The night that started on February 23 here in California, was the second worse in my life. For so many it is so much more terrible. I am still in this night.
I am writing this days later.
- First. I could not believe the words I was hearing from the channel of a Russian independent journalist, whom I really respected.
- Second, I forced myself to watch Putin's declarations of war. Since the covert war started 8 years ago and my hometown Donetsk and the lives of all dear to me people there from my childhood was destroyed, I could barely look at Putin's face, despite it was freaking everywhere, especially after Trump came to power, and he was idolized by many in US. But I dealt with my disgust. It was true, the Russian Federation invaded from multiple fronts.
- Third, they started bombarding the major cities. I have relatives and friends in some of them. I started making calls. I was able to reach my mother who was trying to tell me that I should not believe provocations. I made her promise me to dress warm and be ready to hide in a common basement. Our central apartment is at the top 5th floor, across the street to a central police building. I sent her multiple follow-up messages, but she refused to follow the links with true information. Now, my confused and demoralized mum is waiting for her fate, with her cat, ready to die.
- I could not reach my father, nobody picks up the phone, and his email accounts seem to be deactivated. I do hope he is in safety with his wife. I have extended family in Southern Ukraine, Kherson and Zaporizhzhia, and many dear people all over.
- Some of my friends in a South-Eastern city, not so far from Donetsk, are home, trying to keep calm with their kids. Some of my friends are in Kyiv, messaging that they are still alive. Some of my friends are in Moscow, in pain. My friends in Germany are shocked, one of whom is an ethnic-Russian.
- I read and watched everything I could, including German parliament emergency sessions, military experts, medical information, but mainly the journalists on the ground and video reports by Ukrainians.
- The immensity of this horror and its consequences is hard to comprehend at once. Peoples with closest cultural, friendships, and blood ties are killing each other on a mass scale. But those who defend themselves have the right to do so. If you do not understand it, like some here in US, you have a serious flaw in your personal code of ethics. Most invaders are disinformed by a criminal KGB mafia, who get rich by robbing and selling Russian natural resources. Many of them are poor young idiots, with mothers who would not say a word to save their lives.

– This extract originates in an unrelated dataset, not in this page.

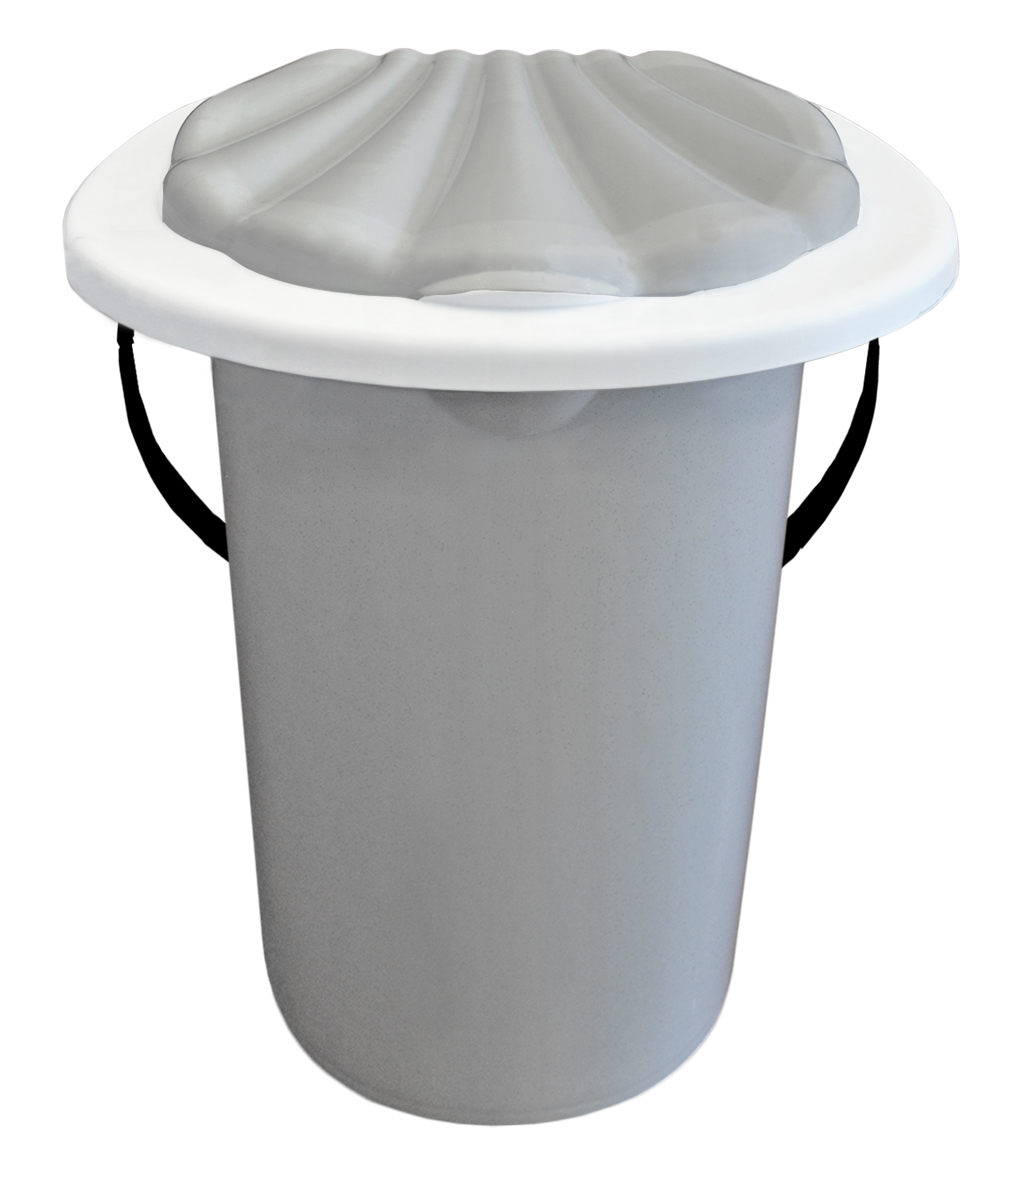 Ведро-туалет InGreen, цвет: мраморный, 20 лING4002ЖСТВедро-туалет InGreen выполнено из пластика. Это незаменимая вещь на даче, а также для пожилых людей и людей с ограниченными возможностями. Устойчивое и высокое ведро удобно в использовании. Ведро-туалет имеет эргономичное съемное сиденье - это позволит легко его мыть и сушить отдельно. Ведро снабжено крышкой, что препятствует распространению неприятных запахов. Прочный пластик выдержит даже людей с большим весом.

- I went through waves of horror, remembering new and new people in danger - my childhood friends, neighbors, co-students - everyone; sleeplessness to the point of half-madness, aggression, shouting, and crying. My husband was able to get home for one night from his new job on the East Coast with yet unclear schedule. He reminded me of who I was, that I could not go and fight. I switched to finding ways to do something. It was not much: inadequacy of money and payment methods.
- I believe Putin is able to use nuclear bombs. He would do it with deeper pleasure than being just feared or murdering so many fellow humans he despises. He would prefer the vast majority of us would cease to exist. The rage of humiliation, his default state of mind, is insatiable, from what I see. Many people are still talking about his game and such. I don't think so. People often want specifically the results they are achieving, it is not just a method to gain something else.
- Dear reader, don't think you can organize a nice life for yourself, fairly disconnected and observant, and never be confronted by catastrophes like this - some of them can hit you right in the core of your soul. I learned that responsibilities to others can help to live through it.